After an ominous opening in which Fassbinder oh-so-slowly pulls his camera back to reveal Hanna Schygulla watching TV in an upper-floor office, we're introduced to the motley crew who make up a terrorist cell as the trigger phrase "The World as Will and Idea" compels them to converge on Rudolf Mann's spacious apartment. The trigger tips us off a little to Fassbinder's agenda. It's the title of a famous book by the philosopher Arthur Schopenhauer, a writer Grandfather Gast dismisses as one popular with people who feel they have nothing to live for. But it'd be going to far to say that our terrorists are motivated by Schopenhauer or any philosophy. They're polar opposites (perhaps intentionally so) from the devoted young ideologues of Jean-Luc Godard's La Chinoise in that Fassbinder's terrorists spend virtually no time discussing theory. In fact, the only character who seems engaged in ideological reading is a latecomer to the story whose reading of Bakunin makes him the subject of childish teasing. Whether that's because Bakunin was the arch-anarchist of the 19th century, or because the terrorists simply find intellectual aspirations contemptible is hard for me to say. But it leaves you wondering what cause they're fighting for, or if they're out for violence for its own sake.
Rudolf Mann shares his apartment with his girlfriend Ilse (Y Sa Lo), a heroin addict who seems oblivious to the allegedly revolutionary activities being plotted around her.
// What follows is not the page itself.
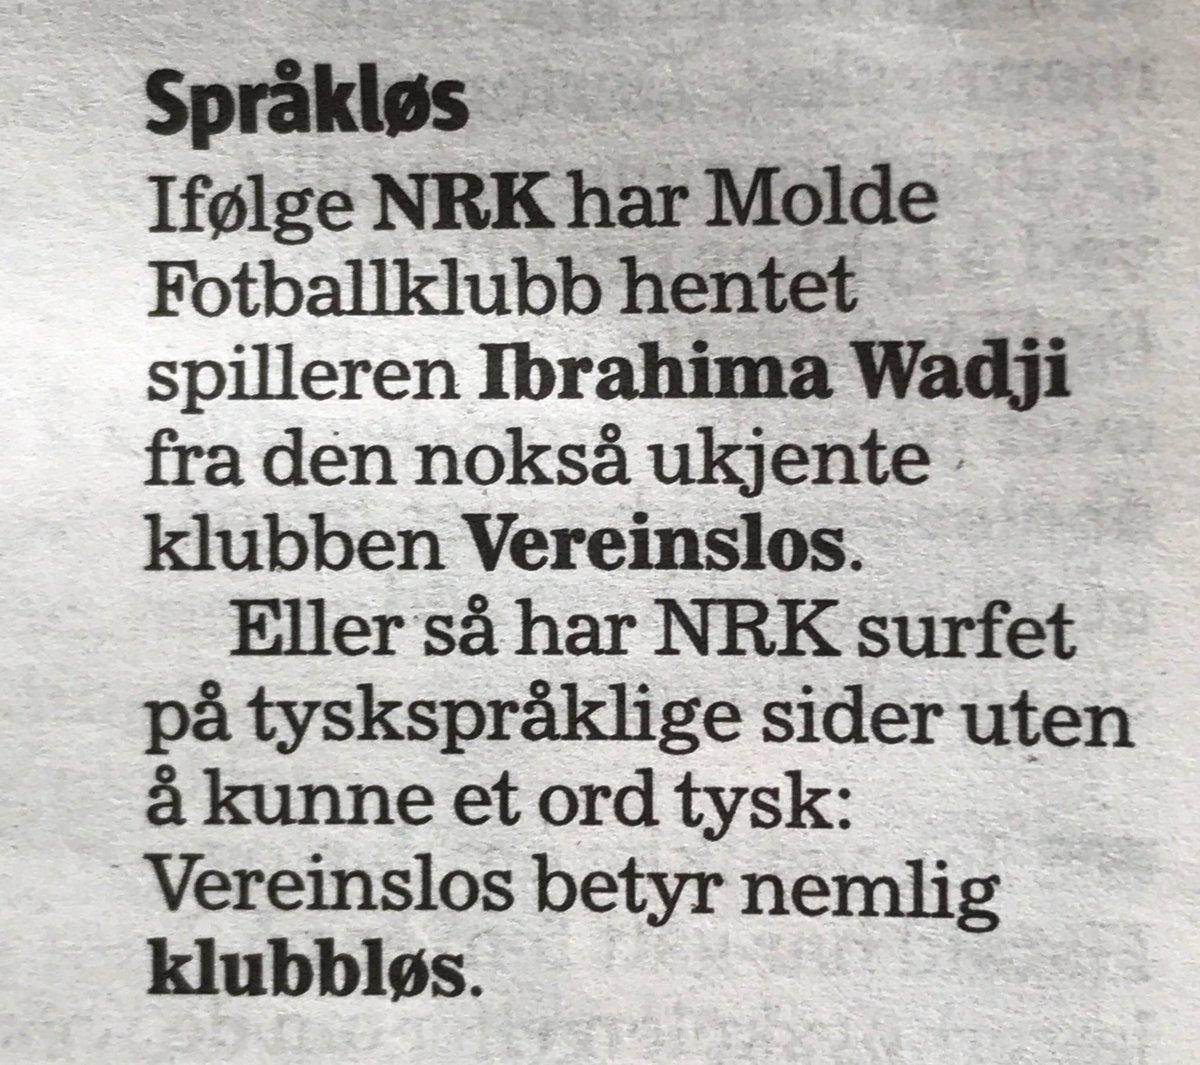 Hahaha, nydelig @NRK_Sport og @Klassekampen! #fotball @SillySeasonNOR #fail https://t.co/GZGGwlVEsf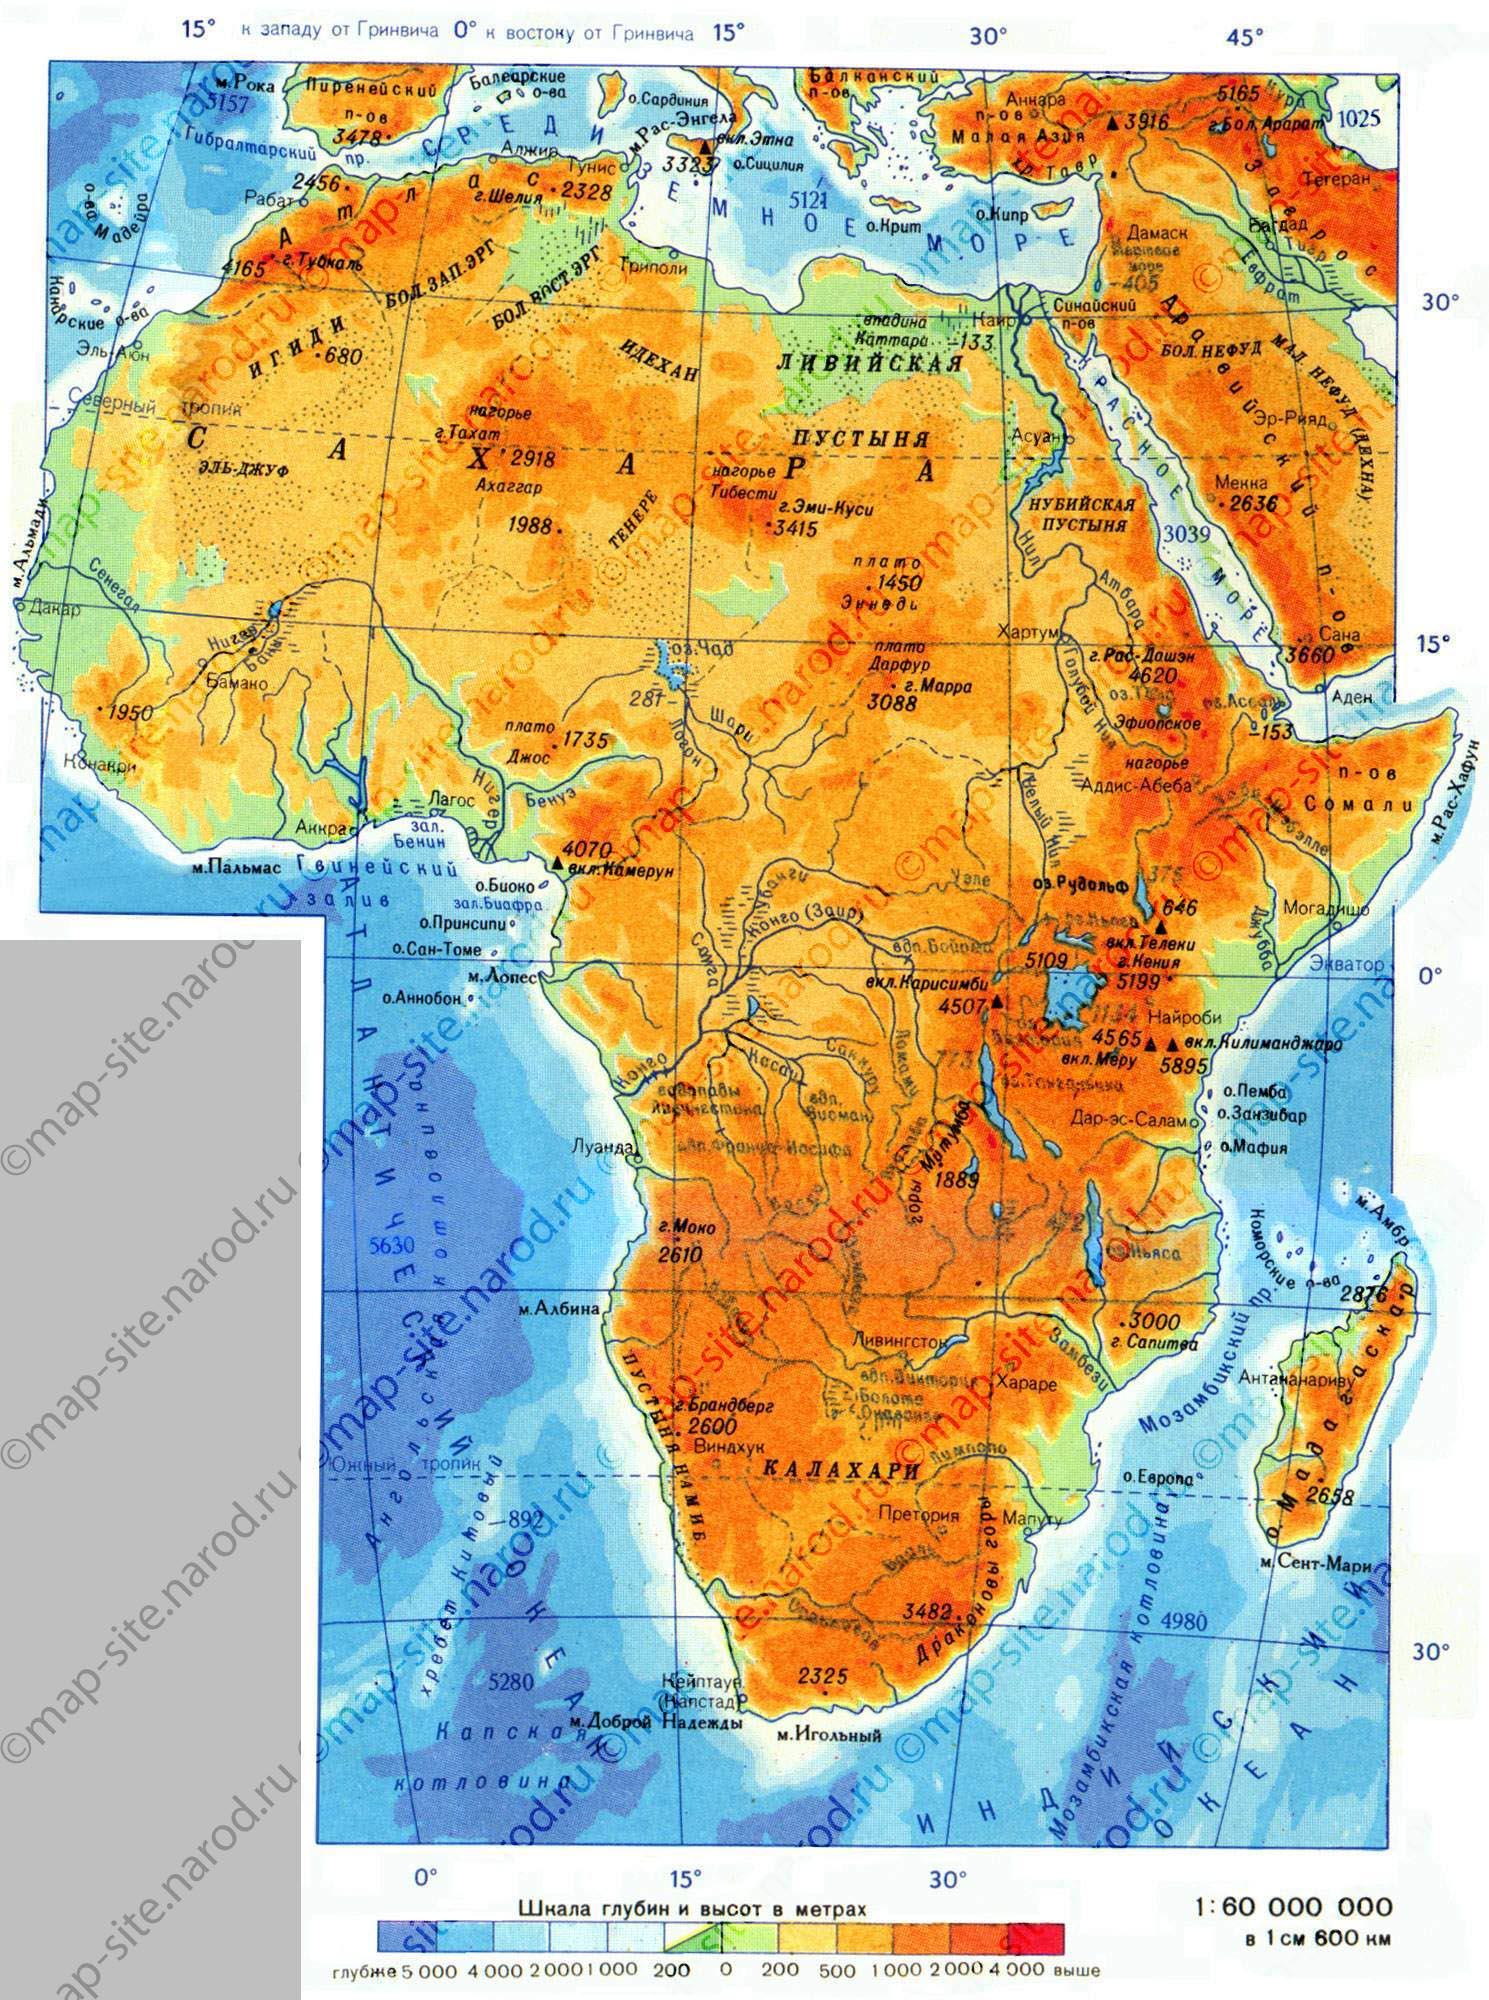 Африка где находится на севере

It says something about Fassbinder's social vision that the wretched Ilse is the terrorists' link to the wider, "real" world. We're invited to see the cell through the eyes of Ilse's friend Franz Walsch (Guenther Kauffmann), a half-American ex-soldier who's having trouble joining the civilian workforce, and Franz's sidekick Bernhard Von Stein (Vitus Seplichal), the aforementioned Bakunin fan. These two join the uncomfortable troupe, but while Bernhard seems to be dismissed by everyone, Franz is eventually enticed into the group, being an almost archetypal explosives expert. But Franz isn't ready to be radicalized until he fails repeatedly to find work and Ilse finally OD's herself to death. At that point, he isn't radicalized as much as he's reduced to having nothing to live for.
Heroin is a terrible thing to waste
Franz joins up just as the revolution is about to devour its children. Left to his own devices as the gang fans out on various missions, Bernhard eventually discovers a conspiracy to make any paranoid blissful. The terrorists are planning to kidnap a businessman, P. J. Lurz (Eddie Constantine), for whom the Schygulla character works. Lurz jokes with Inspector Gast that capitalists may have invented terrorists to speed the creation of a more perfect police state -- but it turns out that Lurz wasn't joking -- or else was just toying with an ignorant cop. In fact, Lurz is paying one of the terrorists to keep the cell in operation, and to inform the inspector about their activities, without Gast knowing Lurz's full role in the drama. Now, even as the terrorists finalize plans to kidnap Lurz, dressing themselves up all too appropriately like carnival clowns and fairytale creatures, some members are being wiped out by the police. Can Bernhard catch up to his old buddy Franz and talk him out of walking into a deathtrap? Will the surviving terrorists take Lurz, and if they do, who'll actually be whose captive?...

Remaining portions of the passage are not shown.